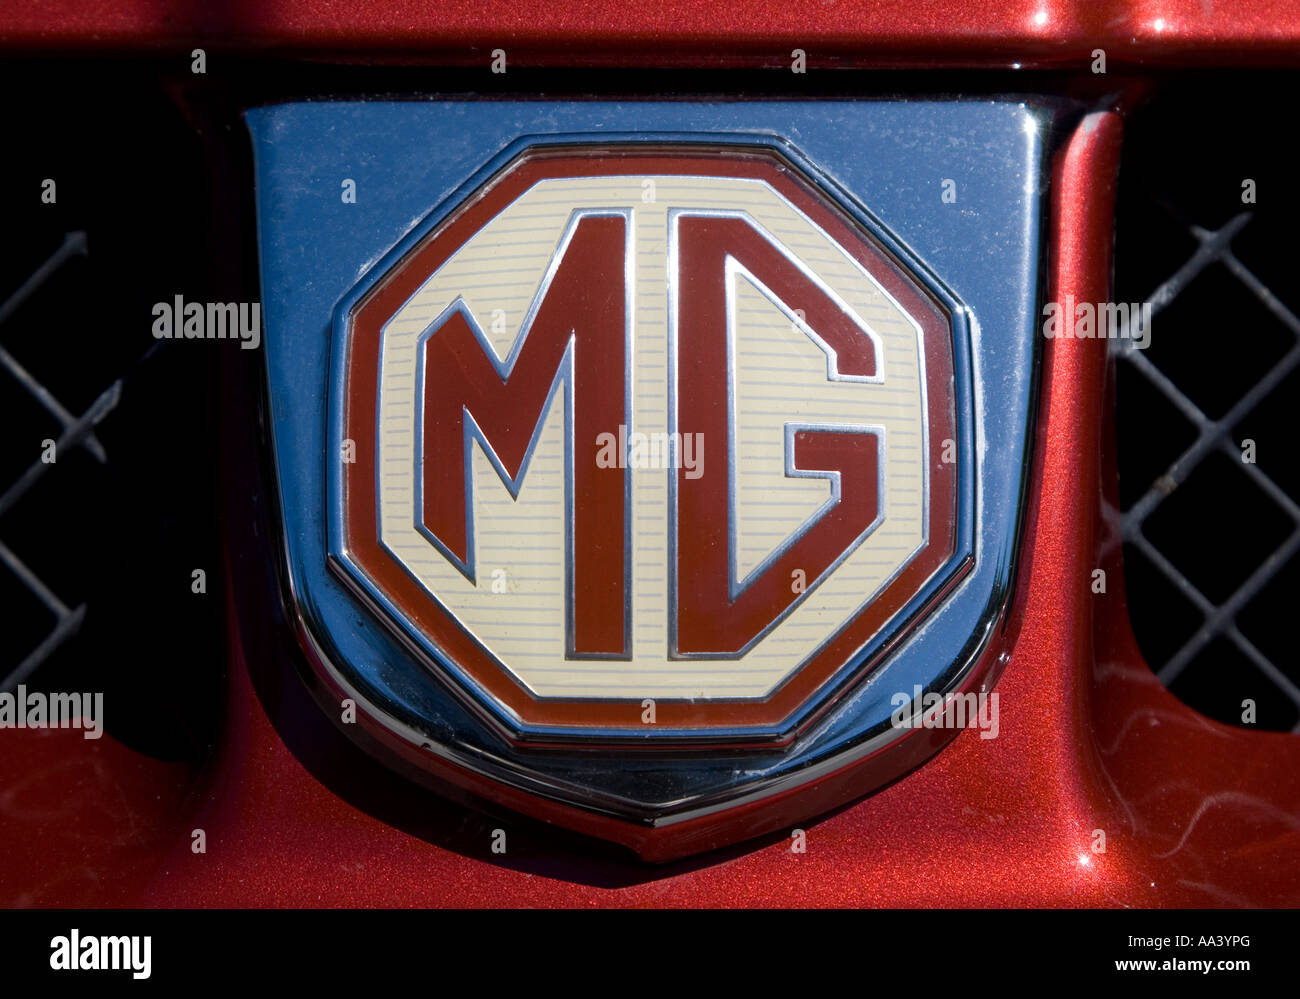 MG Stock Photo
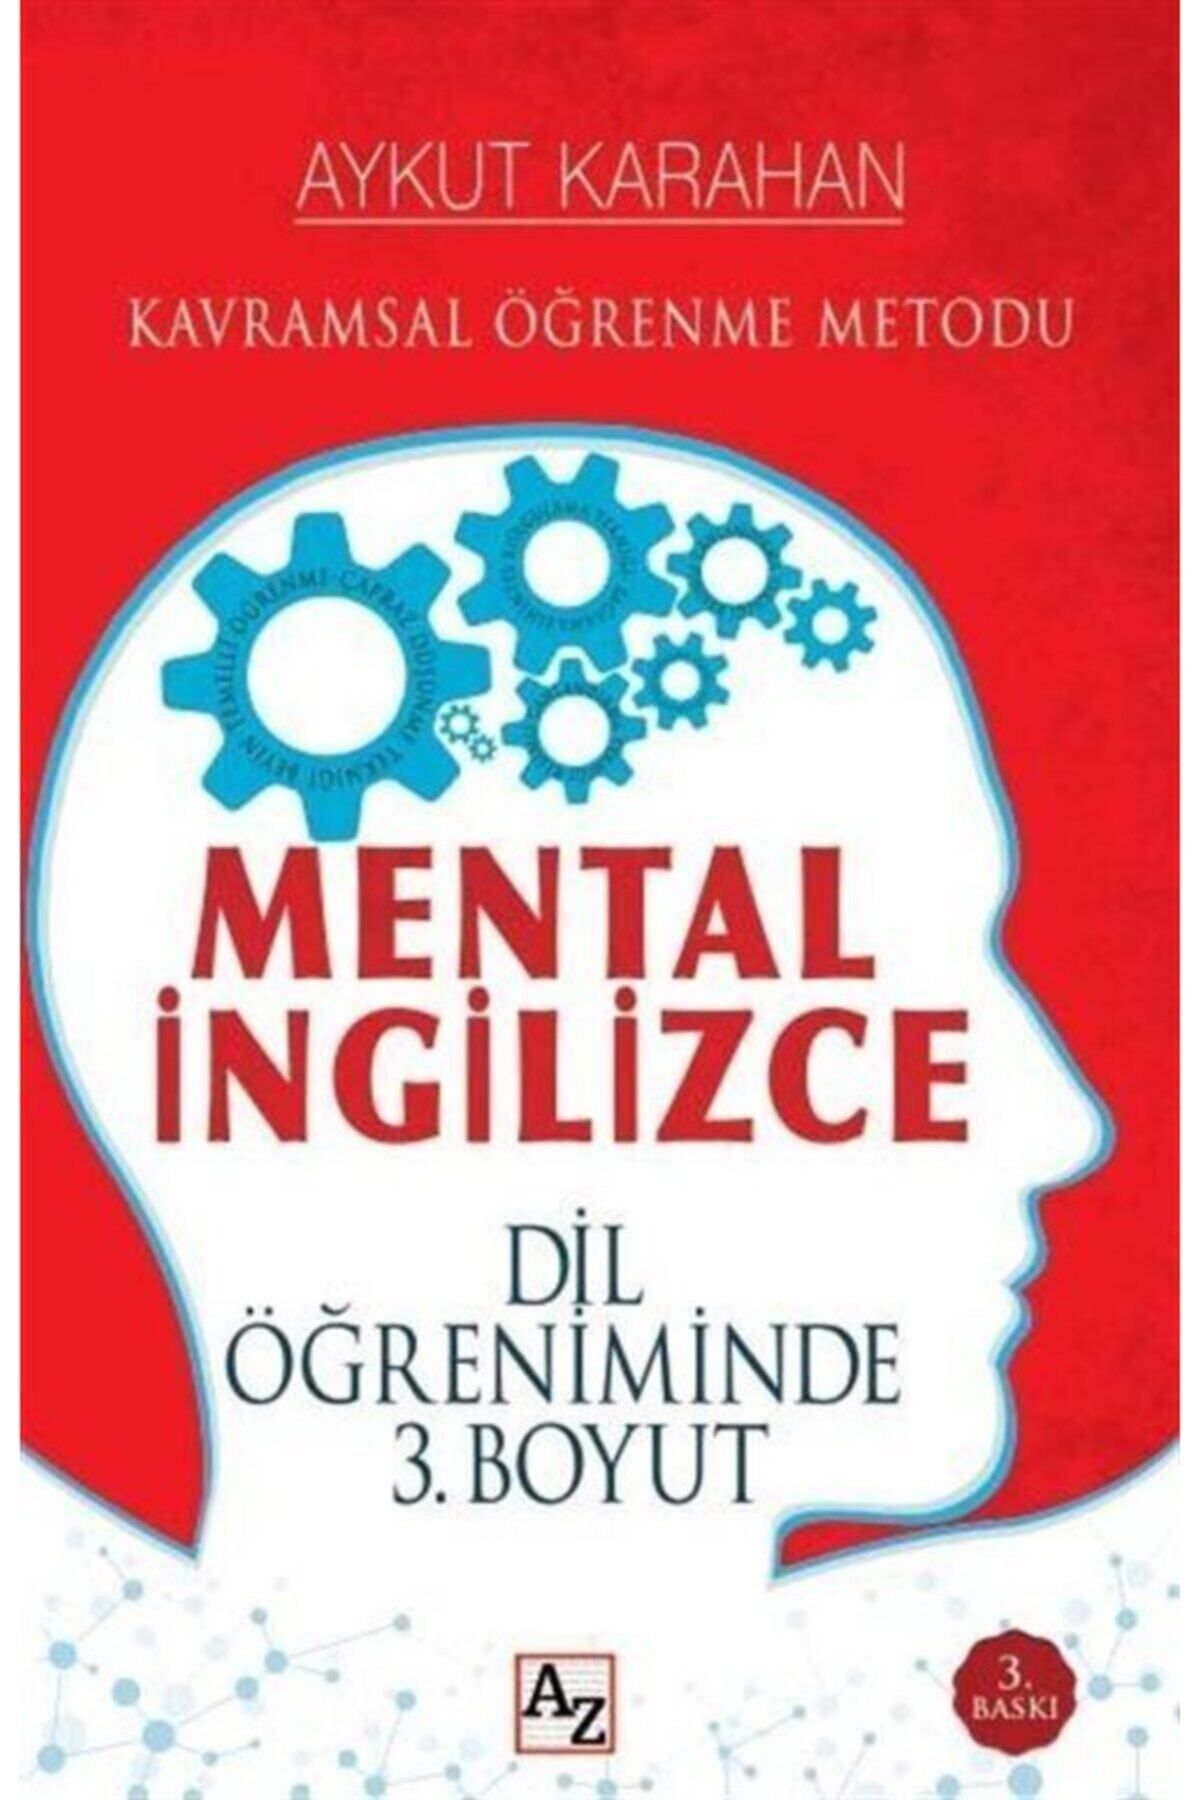 Az Kitap Mental Ingilizce & Dil Biliminde 3. Boyut- Aykut Karahan
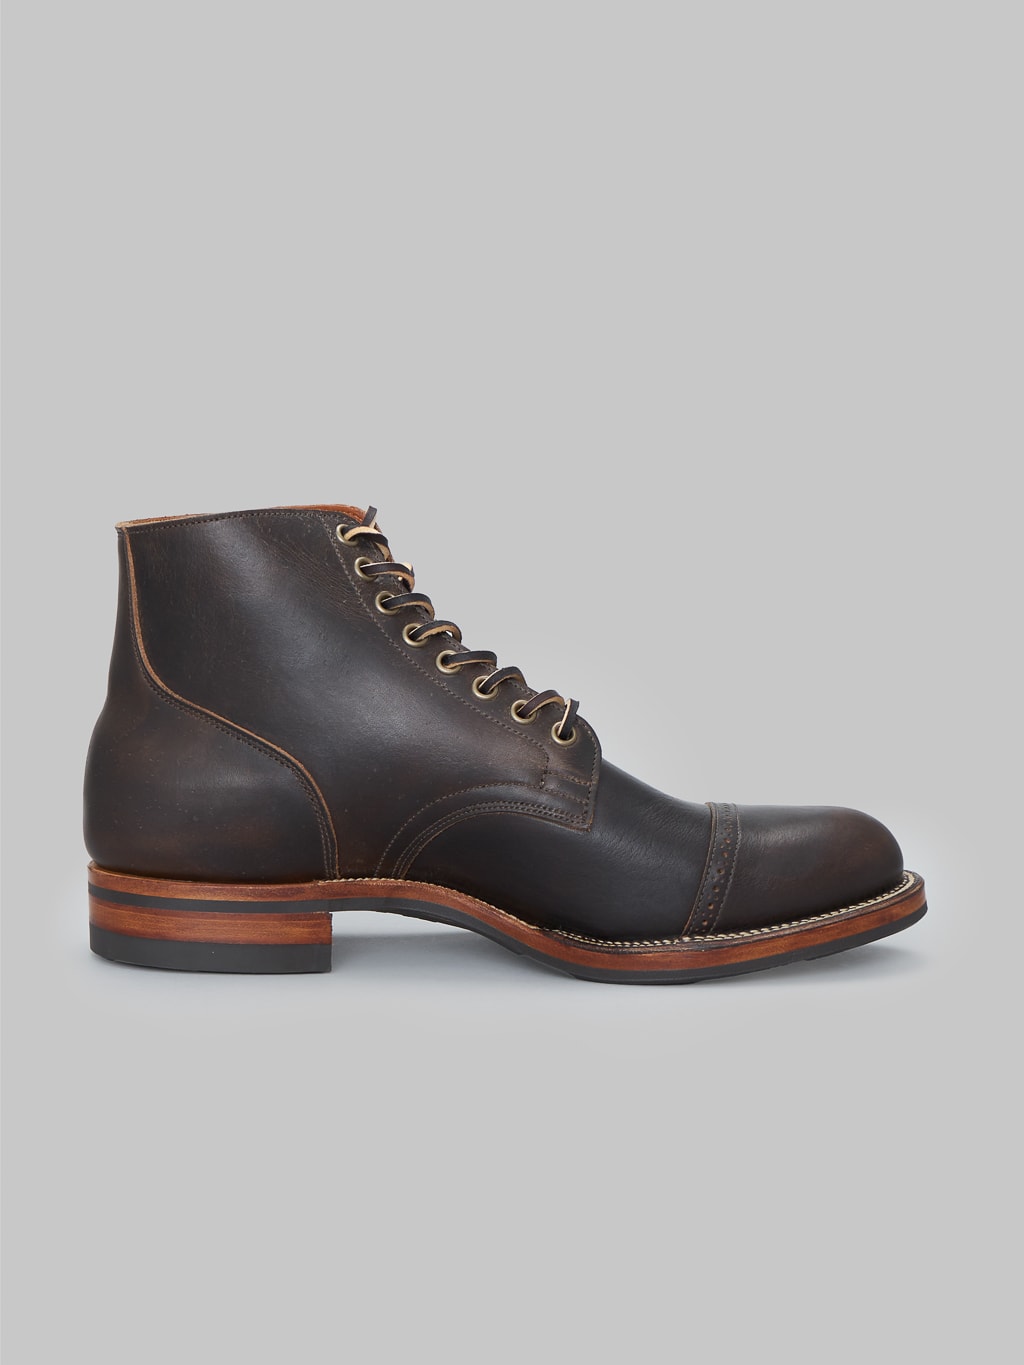 viberg service boot 2023 bct antique phoenix dark brown leather side look

■ ■ ■

» **Work required**
Exact output of each line above is wanted, without the pictures.

» **Task result**
 MG Stock Photo
 Az Kitap Mental Ingilizce & Dil Biliminde 3. Boyut- Aykut Karahan
 viberg service boot 2023 bct antique phoenix dark brown leather side look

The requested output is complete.